According to the above experiments, PGFE-ELM obtains the best performance in both outdoor and indoor environments, especially in terms of learning speed, which is hundreds and even thousands of times faster than others. Thus, compared with other machine learning approaches, PGFE-ELM is more suitable for DFL. In order to verify the proposed PGFE-ELM further, we performed the comparison between PGFE-ELM and RTI. The experimental data was obtained from the SPAN Lab of the University of Utah [51]. There are 35 location points in the dataset. We randomly choose 30 location points for training PGFE-ELM and five location points for testing. According to the comparison result, we can find that the average localization accuracy of PGFE-ELM and RTI are 0.7183 feet and 0.8244 feet, respectively, which indicate that PGFE-ELM can achieve better performance than RTI.
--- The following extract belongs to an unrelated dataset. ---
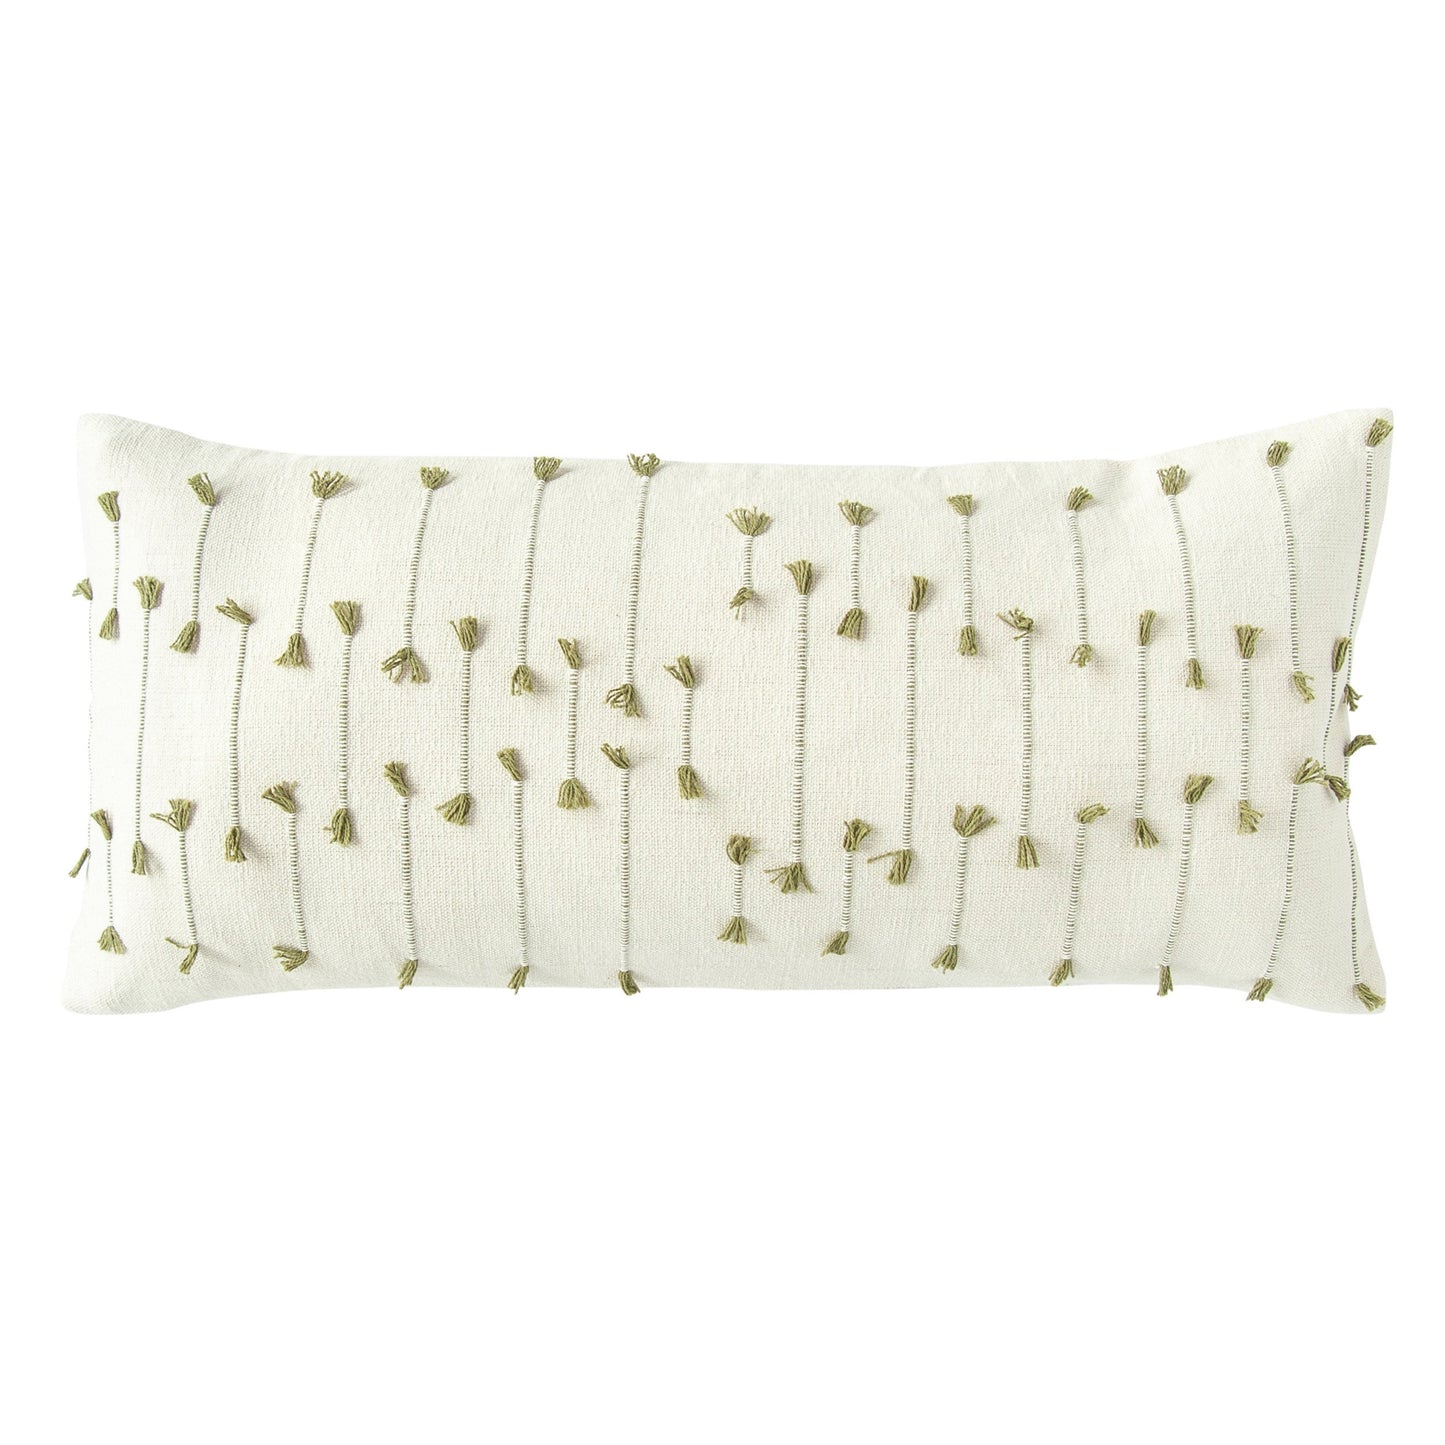 Hand Woven Lumbar Pillow With Woven Tassels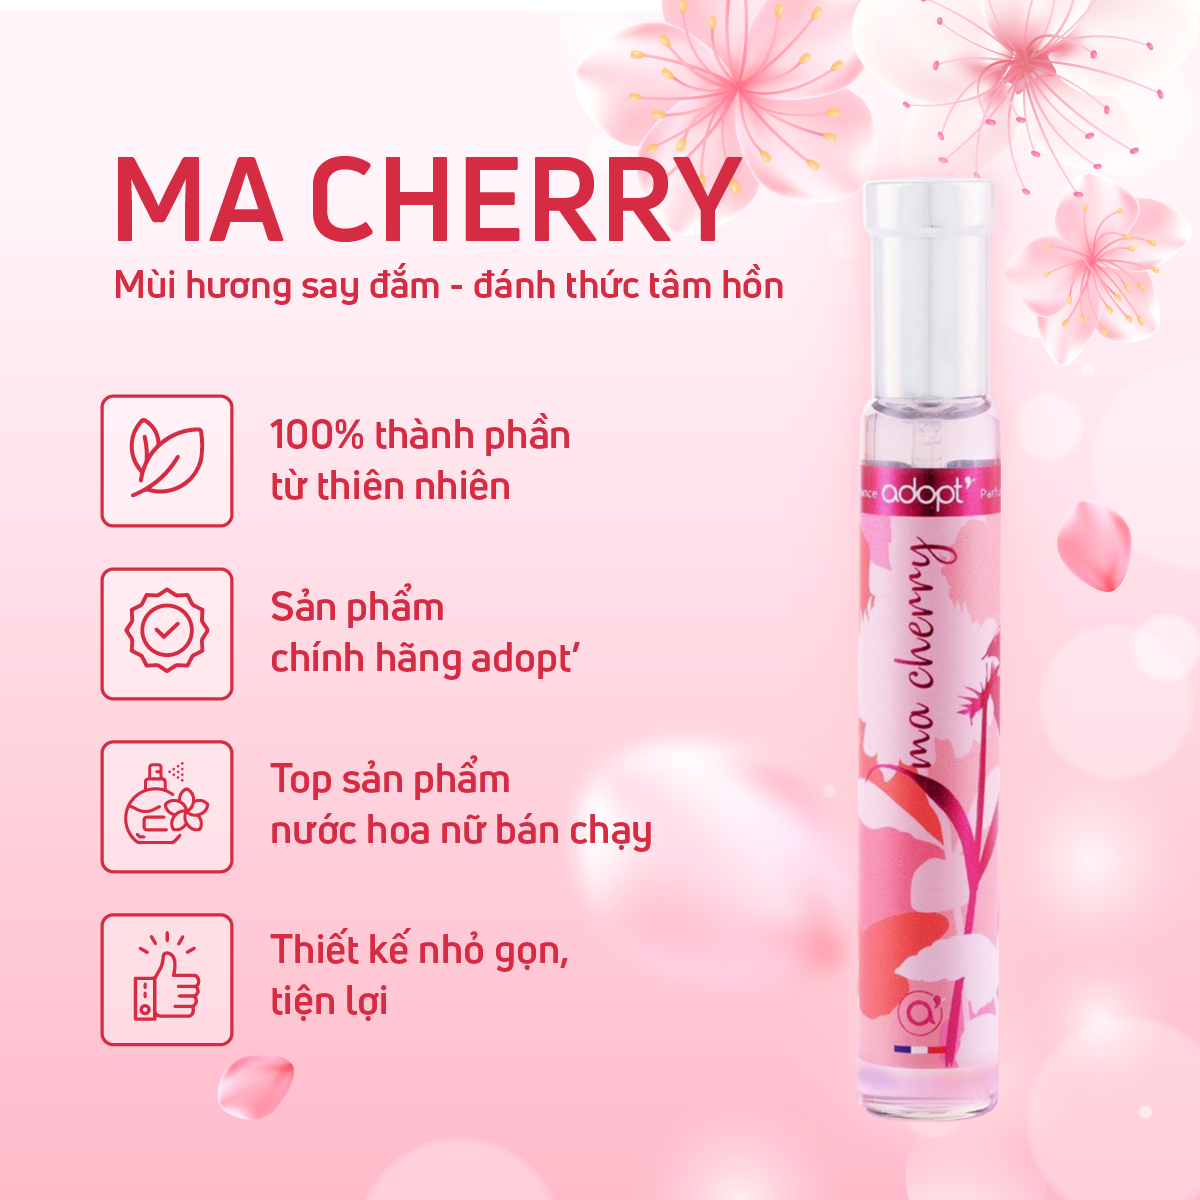 Nước hoa giá rẻ,nước hoa chính hãng cao cấp hương thơm dịu ngọt chính hãng thơm lâu Ma Cherry dung tích 30ml

Compared with PGFE-ELM, RTI is easy for use as it does not need the offline phase for data collection and training, but its parameters highly depend on the locations and the number of the nodes and must be reset when the locations and the number of the nodes are changed. However, when such changes happen, the trained PGFE-ELM can still be used directly without training again, so the practicability of PGFE-ELM is better than RTI.

7. Conclusions

In this paper, the parameterized geometrical representation of the affected link is introduced, and a novel ELM is proposed to implement the fast and accurate DFL based on the parameterized geometrical feature extraction from the affected links. The experimental results show that the proposed PGFE-ELM can achieve much better localization accuracy and faster learning speed than three existing machine learning approaches WKNN, SVM and BPNN, it can also achieve better localization accuracy than existing RTI approach. The proposed PGFE-ELM is developed based on the original ELM, further study is required to develop the on-line ELM approach for DFL to deal with the dynamic communication environment. Also this paper only considers localization problem for single target, future work can be done to address the multi-target localization problem.